Day 10 ArgumentsAyodhya Title Dispute
July 6th 2018
At 2 p.m. today, the 3-judge bench comprising CJI Dipak Misra, Ashok Bhushan and Abdul Nazeer JJ resumed its hearings in the Babri Masjid Ram Janmabhoomi title dispute. Given the nature of the dispute, one was not amused to find a saffron clad sadhu amongst the men in black.
In the previous hearing on 17th May, it was argued by Mr. Parasaran that mosque is not essential to Islam. It was also argued that Ayodhya has a “special significance” for Hindus in a manner similar to Mecca and Medina for Muslims.
Today’s hearing began with Rajeev Dhavan arguing that the judgment in Ismail Faruqui case needs to be reconsidered. He stressed that the essential religious practice test requires the court to ‘examine’ if the practice is essential and integral. In Ismail Faruqui the court had failed to ‘examine’ whether a mosque is essential to Islam or not. He argued that the court could interpret it in any way as long as it examined the issue in detail. Consequently, he requested the bench to refer the matter to a larger bench.
It was at this point that the respondent’s counsel referred to Islamic texts to prove that a mosque is not essential to Islam. Furthermore, he also claimed that according to Prophet Mohammed only a few mosques are essential which are situated outside the borders of India.
When pressed by the bench to argue as to why a larger bench should not hear this issue, the counsel did not address the point directly. During the counsel’s exposition on the tenets of Islam for over half an hour, the judges could be seen conferring amongst themselves.

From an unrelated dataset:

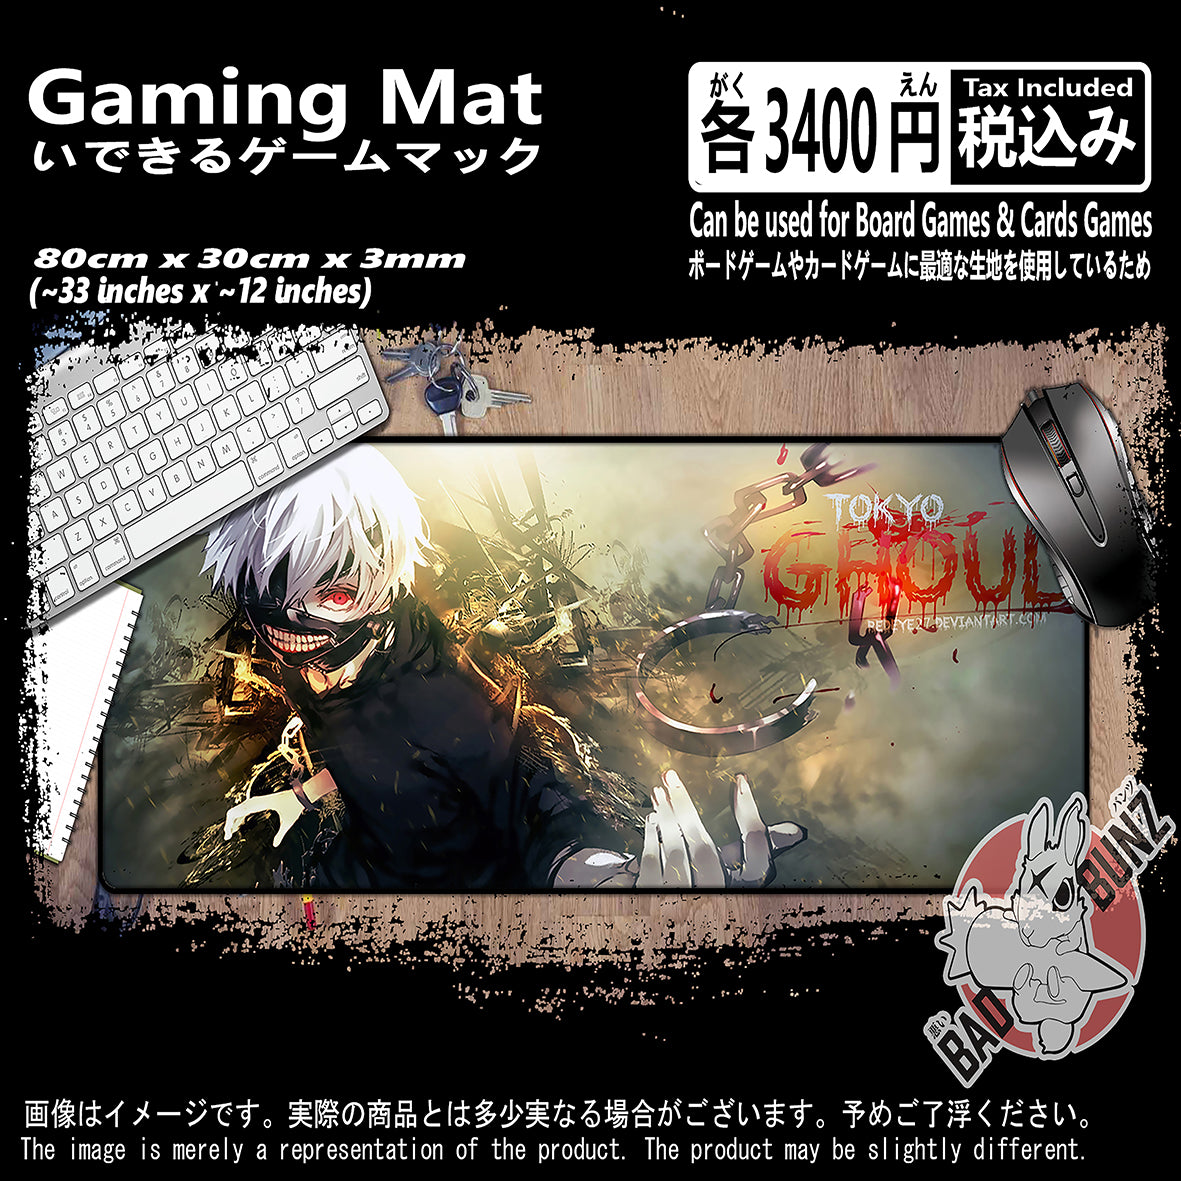 (AN-TG-02) Tokyo Ghoul Anime 800mm x 300mm Gaming Play Mat

Mr. Rajeev Dhavan resumed his arguments by claiming that Islam is essentially a congregation. A Friday prayer in a mosque should be perceived as a congregation and hence a mosque is essential to Islam. Bhushan J observed that a mosque is essential to Islam but the question was whether a prayer inside a mosque is essential or not.
Mr. Rajeev Dhavan then shifted his arguments by referring to Article 25 and 26 of the Constitution. He advanced the position that Article 25 and 26 are matters of delicacy. CJI Misra nodded in agreement with this particular point.
ASG Tushar Mehta argued that Ismail Faruqui was decided in 1994 but no one challenged the decision at that point of time. He also submitted that the doctrine of res judicata should apply in this particular issue.
CJI Dipak Misra requested Mr. Rajeev Dhavan to argue on the point of the res judicata in the next hearing on July 13, 2018.
As the hearing came to a close, CJI Misra observed that he was confused if Mr. Rajeev Dhavan was an agnostic, atheist or a mystic. Mr. Rajeev Dhavan promptly replied that many multitudes lie within him. The conversation veered towards some references to the poet Robert Browning.